■ **EXERCISE**: Transcribe the records verbatim, images excluded.

Stored data

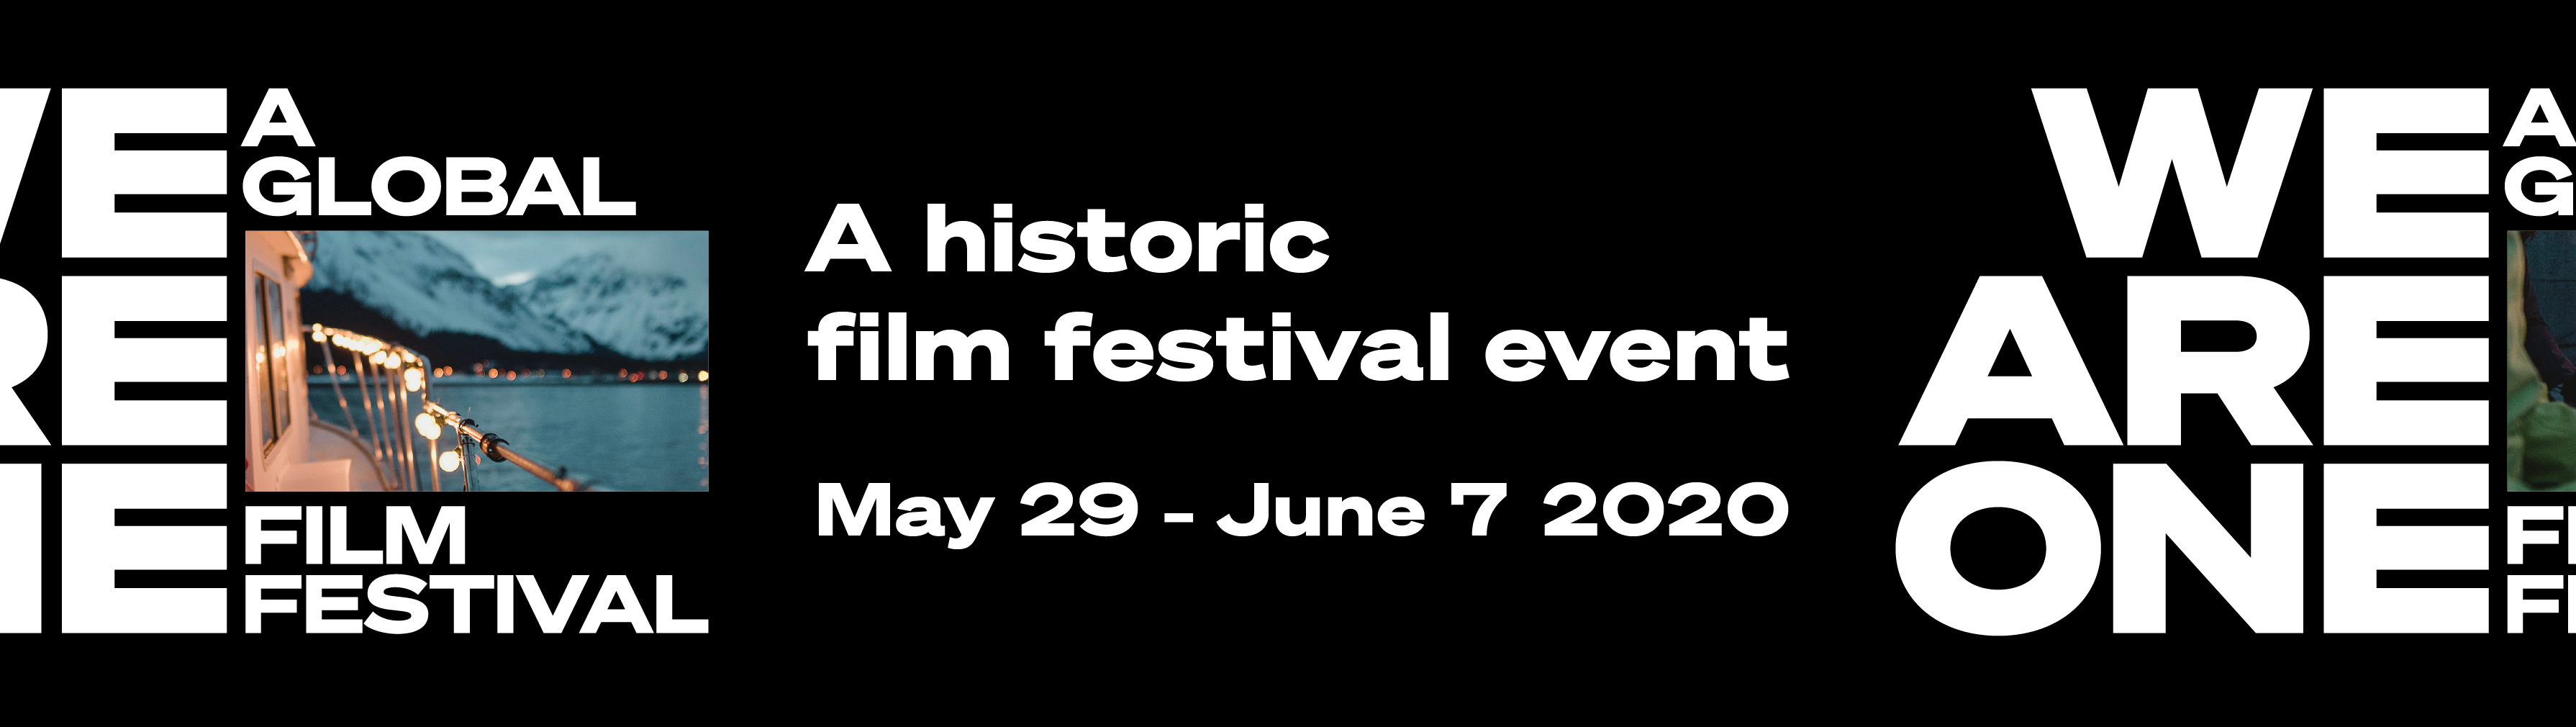 We Are One Festival White logo
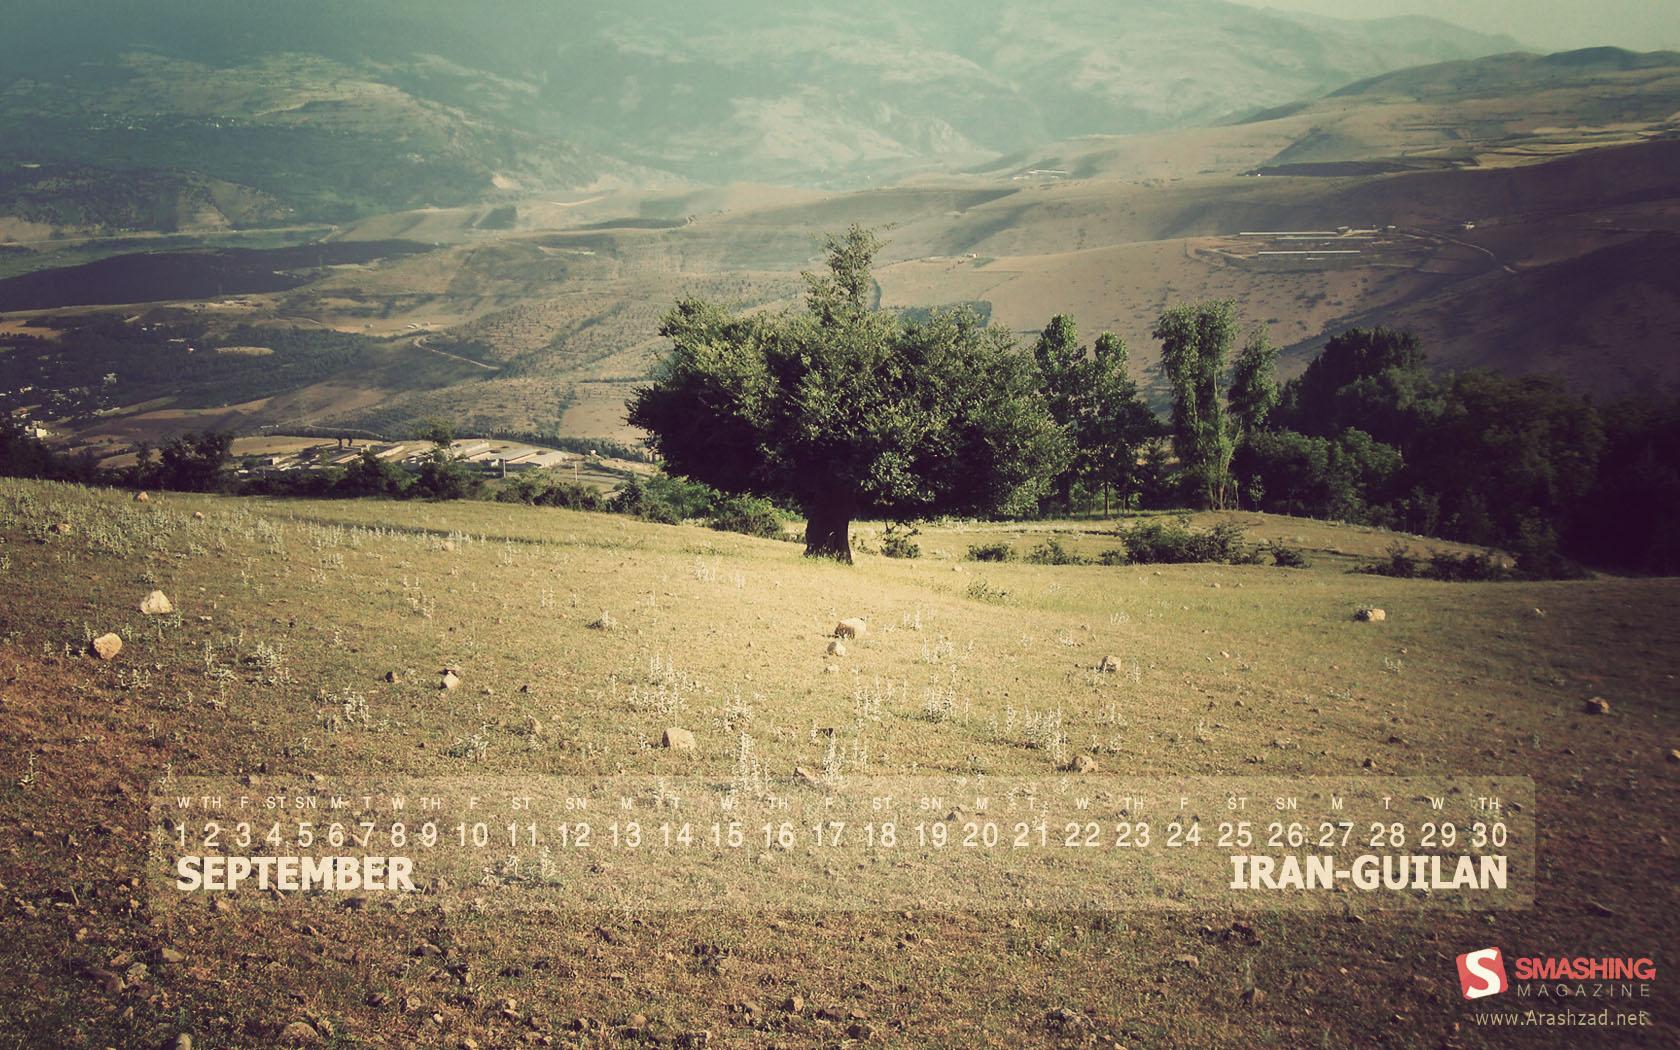 Iran-guilan in Desktop Wallpaper Calendar: September 2010
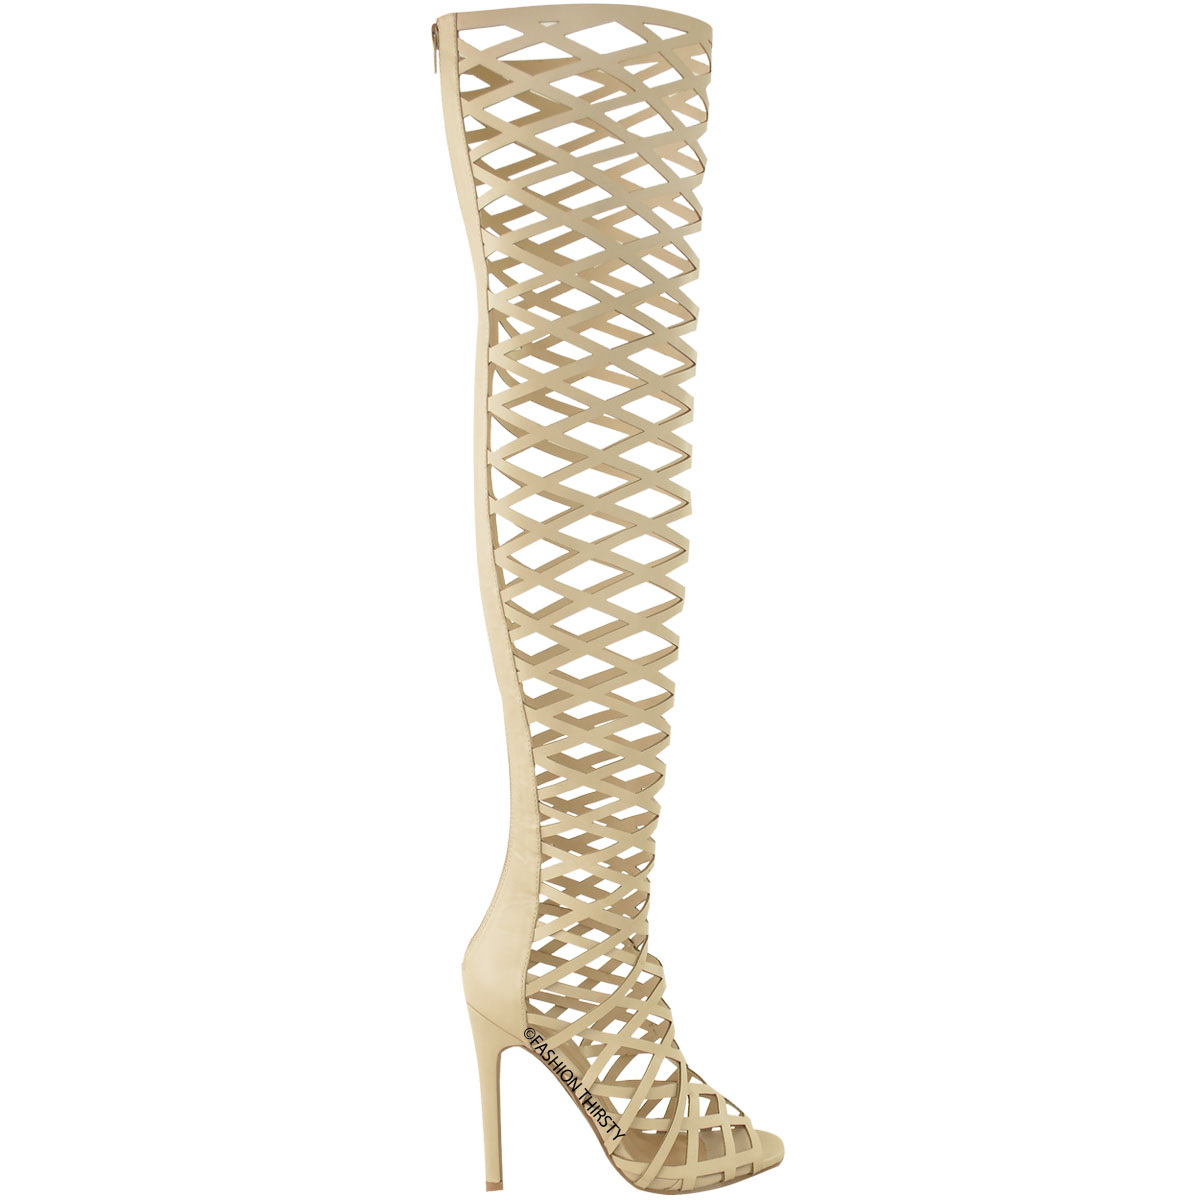 LADIES damen CUT OUT OVER THE KNEE THIGH HIGH HIGH HIGH STILETTO HEELS Stiefel SANDALS Größe 975b3a
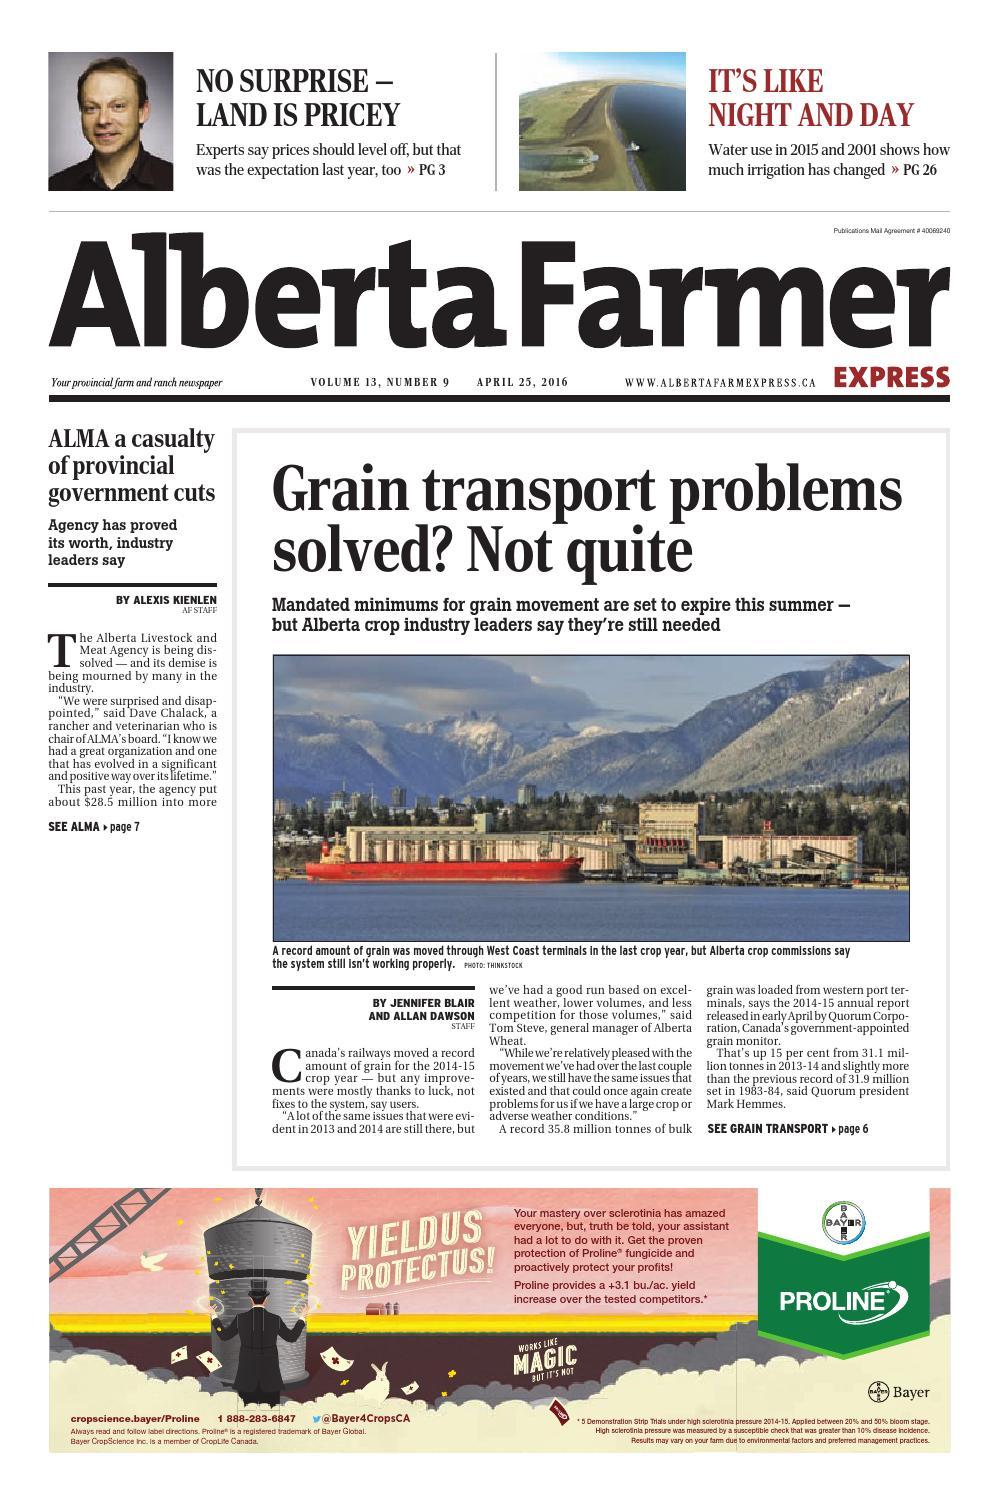 Alberta farmer express by Farm Business Communications - issuu
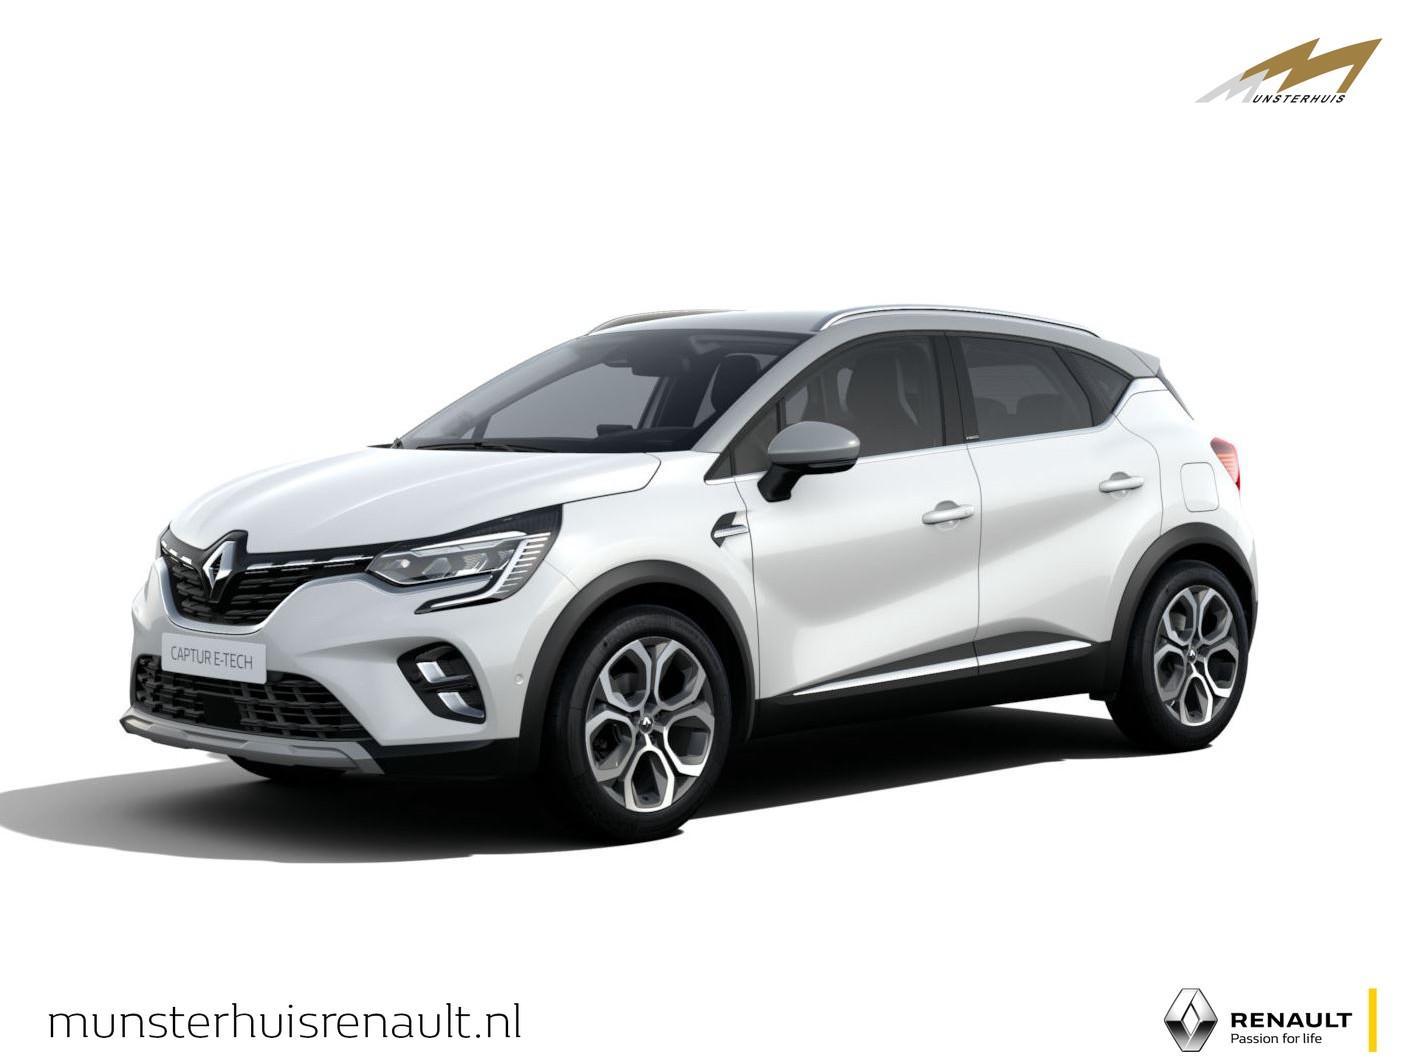 Renault Captur e-tech Plug-in hybrid 160 edition one - nieuw - hybride - wordt verwacht

■ **ANSWER**:
 We Are One Festival White logo
 Iran-guilan in Desktop Wallpaper Calendar: September 2010
 LADIES damen CUT OUT OVER THE KNEE THIGH HIGH HIGH HIGH STILETTO HEELS Stiefel SANDALS Größe 975b3a
 Alberta farmer express by Farm Business Communications - issuu
 Renault Captur e-tech Plug-in hybrid 160 edition one - nieuw - hybride - wordt verwacht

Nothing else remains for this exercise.